2 Brothers on the 4th Floor is a Dutch musical group created in 1990 by brothers Martin and Bobby Boer. The group has had success in many countries around the world, including their native Netherlands, the United States and the United Kingdom. Besides Martin and Bobby Boer, other members of the club music project include Dutch singer Li-Ann and Masta, while among past ones there were Des'ray and D-Rock.

== History ==
=== Early career: 1990–1991 ===
The Boer brothers had already been experimenting with music in a small bedroom when they finally gained note in 1990, when their single Can't Help Myself was picked up by Dutch radio stations and became an international hit. The brothers then brought together rapper Da Smooth Baron MC and singers Peggy "The Duchess" and Gale Robinson to form their stage act. The release of their next single, Turn Da Music Up, was somewhat less successful, but helped the band to gain name recognition.
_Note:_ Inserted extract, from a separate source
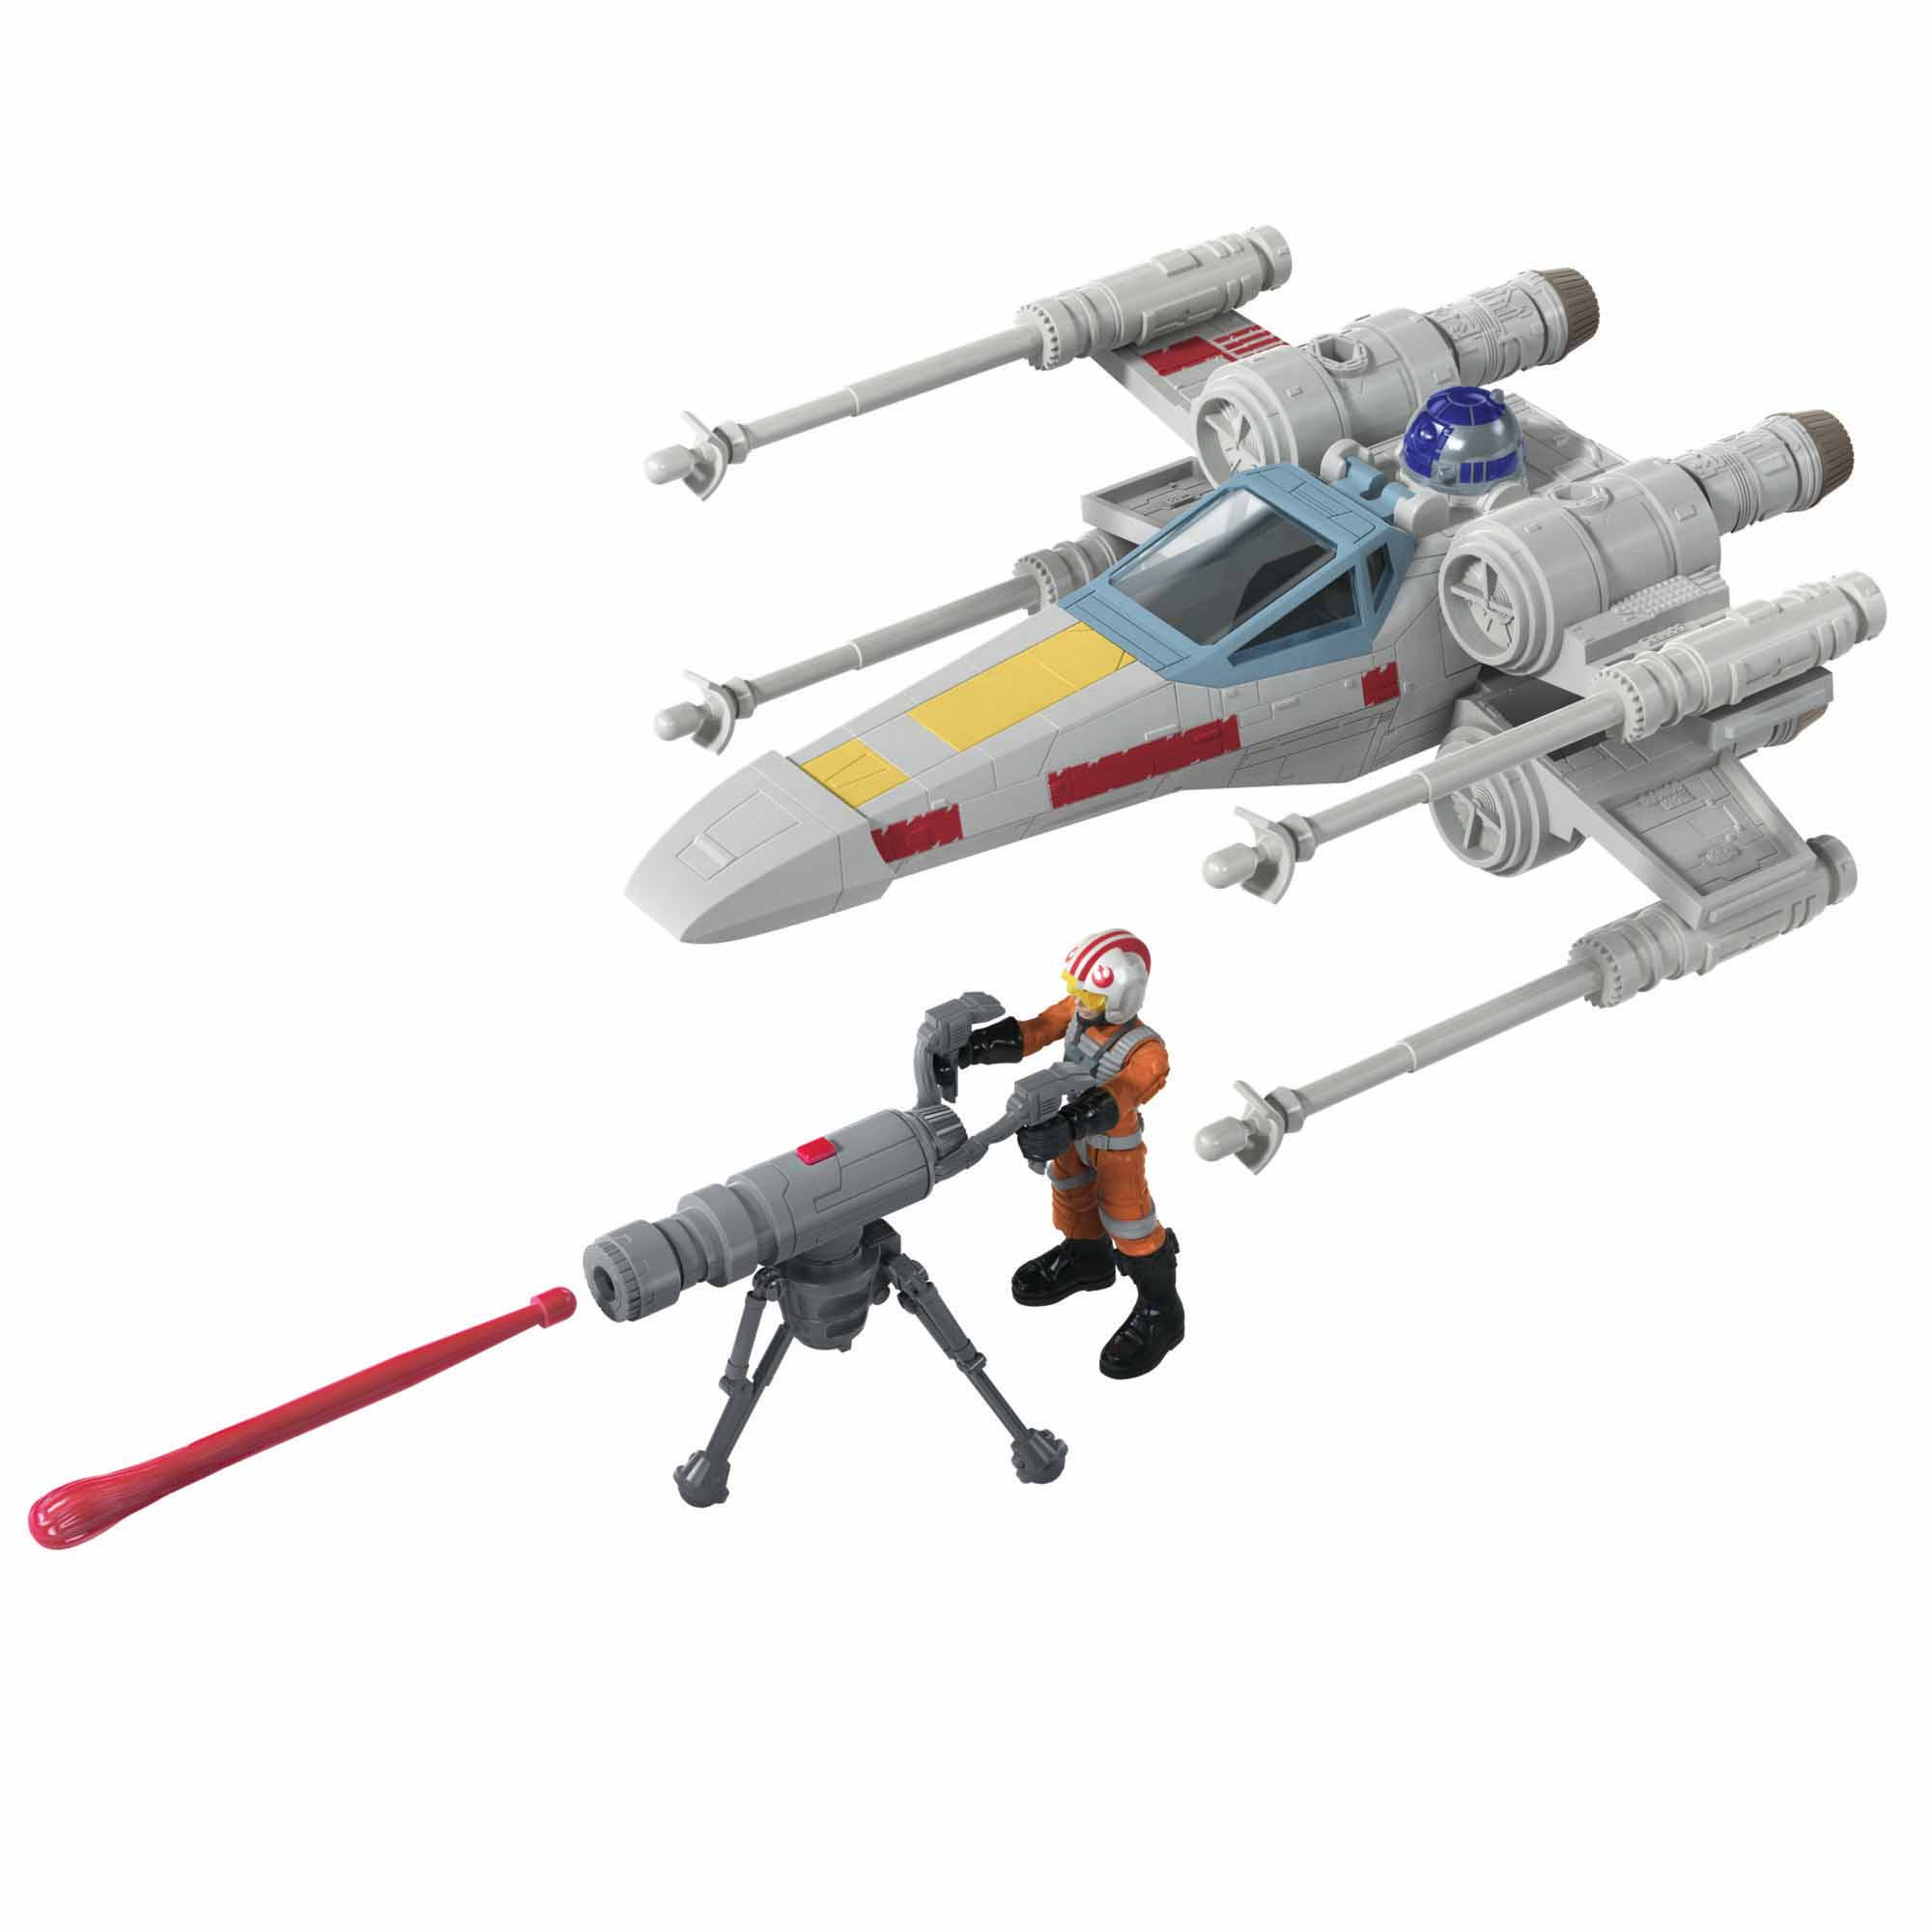 Star Wars Mission Fleet Stellar Class Luke Skywalker X-wing Fighter 2.5-Inch-Scale Figure and Vehicle, Ages 4 and Up

2 Brothers on the 4th Floor made two hit singles together before separating. Martin Boer moved into a new professional studio and started making remixes under the name Dancability Productions, making remixes for artists such as Becky Bell, Twenty 4 Seven and Luv' (for their Megamix '93), while Bobby Boer designed record covers and CD inlays for other artists.

=== 1993–1994: Revival and Dreams ===
2 Brothers on the 4th Floor was revived by the Boer brothers in 1993. Bobby joined Martin in his studio and, after some time, released the single Never Alone. This single was the first to be launched with rapper D-Rock (René Philips) and singer Desirée Manders (stage name: Des'Ray). The song Dreams, which is the title song of the band's first album, was a song that captured the essence of Eurodance. Due to the genre's popularity when the song was released in 1994, the song became a hit both nationally and internationally. The band's renewed style and concept was accepted well by Dutch audience. Never Alone topped the charts for weeks and went gold. Dreams, the band's subsequent single, went straight to number one and remained on the charts for weeks (as well as reaching the top 30 on Billboards Hot Dance Club Songs chart in the United States) and Let Me Be Free, its successor, remained in the top ten nationally for some time.

=== 1995–1997: 2 ===
In 1995 and 1996, 2 Brothers on the 4th Floor further widened their success with the singles Fly (Through the Starry Night), Come Take My Hand and Fairytales, changing their style to happy hardcore. These singles topped the charts in various European countries. At the end of 1996, the band released the single There's a Key and its second album, 2.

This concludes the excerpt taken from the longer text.